- The Washington Times - Friday, February 2, 2001

Friendship Heights Mayor Alfred Muller, who became a national figure in the anti-smoking movement after his Maryland village adopted an outdoor smoking ban, has been ordered to stay away from children pending the outcome of a felony sexual-abuse case.
A 14-year-old boy has accused Dr. Muller, 58, of fondling him at the urinals in a basement restroom at the National Cathedral on Sunday afternoon.
The boy identified the mayor after a security guard showed him a People magazine article featuring Dr. Muller and his anti-smoking crusade. The mayor denies the charge of second-degree child sexual abuse.
"He's entered a plea of not guilty, and he denies the allegations," defense attorney Preston Burton told reporters outside D.C. Superior Court yesterday. "We will mount a vigorous defense."
Dr. Muller, who has been freed on his own recognizance, did not offer any comments.
During a short arraignment, Commissioner Evelyn Coburn told the mayor to appear for a Feb. 21 preliminary hearing, and ordered him not to be alone in the company of children under age 16.
Dr. Muller, an internist with an office in the District of Columbia, turned himself in at the Metropolitan Police 2nd District station Wednesday night. He spent the night in a cell.
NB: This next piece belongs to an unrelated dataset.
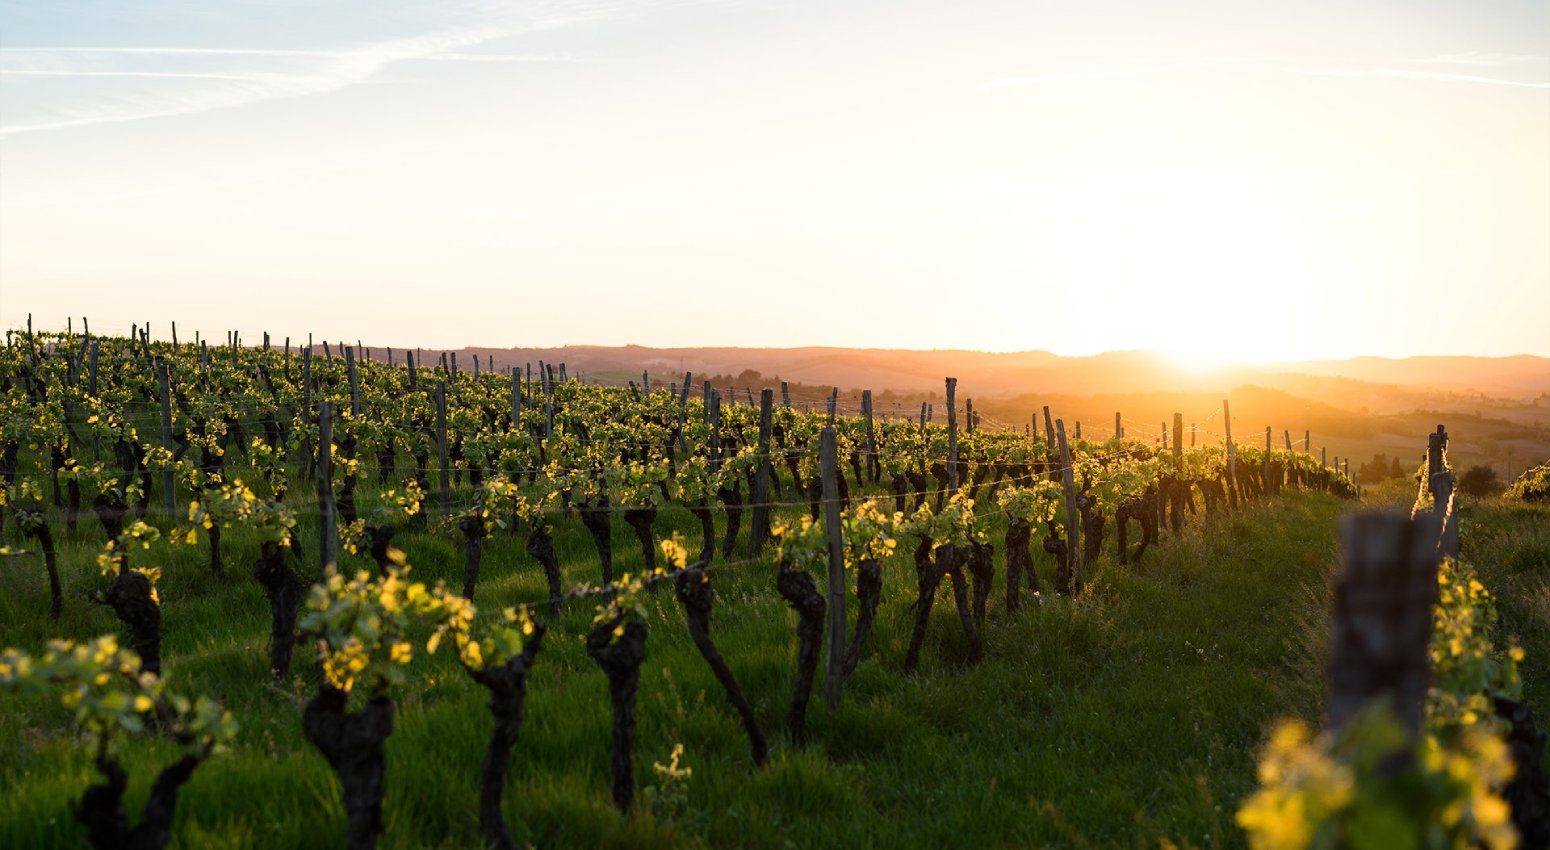 Close-up of a vineyard during sunset

News of the arrest jolted colleagues in Montgomery County government who have watched Dr. Muller serve the community for decades.
Esther P. Gelman, a former county council member and a friend of Dr. Muller's since the 1970s, said she almost lost control of her car when she heard of the arrest on the radio.
"I'm so heartsick, I can't tell you," she said. "He's one of the most wonderful, community-oriented… . He is just a prince."
Dr. Muller ran unsuccessfully for county council on the same slate as Mrs. Gelman in 1982. While campaigning, she recalled, elderly residents would often occupy the doctor's time with medical questions, to which he obliged.
Mrs. Gelman thinks the charge may be a misunderstanding.
"I hope there's an explanation," she said.
County council member Howard Denis is one of Dr. Muller's constituents.
"We've been friends for 25 years," said Mr. Denis, a Republican representing the Chevy Chase-Bethesda area. "He's done great things in the village, and I'm praying for him."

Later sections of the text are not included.